Two of the major players in the financial industry warned that the U.S. is on the verge of a recession and that the Federal Reserve might well raise the interest rate from its current 3-3.25% all the way to 4.5-4.75%.

David Solomon, CEO of Goldman Sachs, and Jamie Dimon, the chairman and chief executive of JPMorgan Chase, spoke on Tuesday at a conference in Saudi Arabia.

“If they don’t see real changes — labor is still very, very tight, they are obviously just playing with the demand side by tightening — but if they don’t see real changes in behavior, my guess is they will go further,” Solomon said of the Fed. “And I think generally when you find yourself in an economic scenario like this where inflation is embedded, it is very hard to get out of it without a real economic slowdown. The U.S. is most likely going to have a recession.”

“American consumers, eventually the excess money they have is running out,” Dimon predicted. “That will probably happen sometime mid-year next year, and then we will know more about what is going on with oil and gas prices and that kind of thing, so we will find out. … there is a lot of stuff on the horizon which is bad, and could — not necessarily, but could — put the United States in a recession.”

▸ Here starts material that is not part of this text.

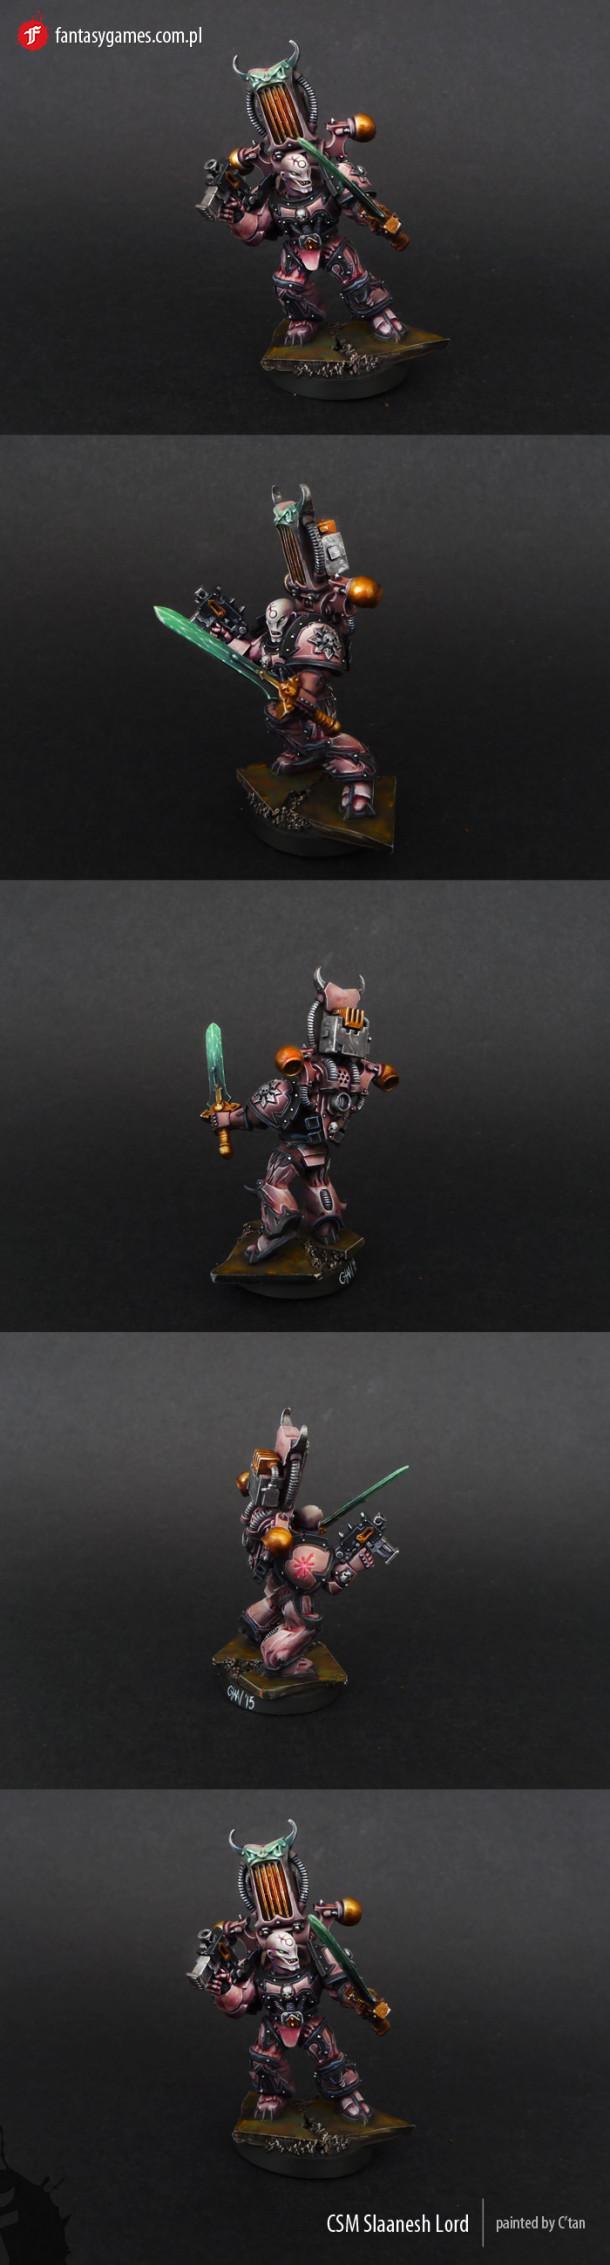 40k - Chaos Space Marine Slaneesh Lord by C'Tan

In early September Fed Chair Jerome Powell declared, “We’ve got a dual mandate—maximum employment and price stability—and it comes down to: Is nominal income [GDP] targeting the best way to promote that? We don’t think it is; I don’t think it is.”

“The basic idea behind nominal income targeting is that the central bank would establish a target growth rate for nominal income in the economy (as measured by, for example, nominal GDP),” Joshua Hendrickson of George Mason University stated.   “When nominal income is below its target, the central bank would engage in expansionary monetary policy by increasing the money supply.”

“Powell is concerned that estimates of the trend growth of output are ‘highly uncertain’ and that a decline in trend growth would require higher inflation,” James A. Dorn of the Cato Institute explained. “Thus, under a nominal gross domestic product (NGDP) target, he thinks there would be communication issues’ as well as ‘big chances of policy error because we just don’t know any of the starred variables’ (e.g., the equilibrium values of real output, employment, and interest rates).”

Clive Crook of Bloomberg opined, “The Fed can’t control how much growth in NGDP is from higher real output and how much is from higher prices, the quantities it cares about. Using NGDP as an intermediate target to guide monetary policy recognizes this,” Dorn noted.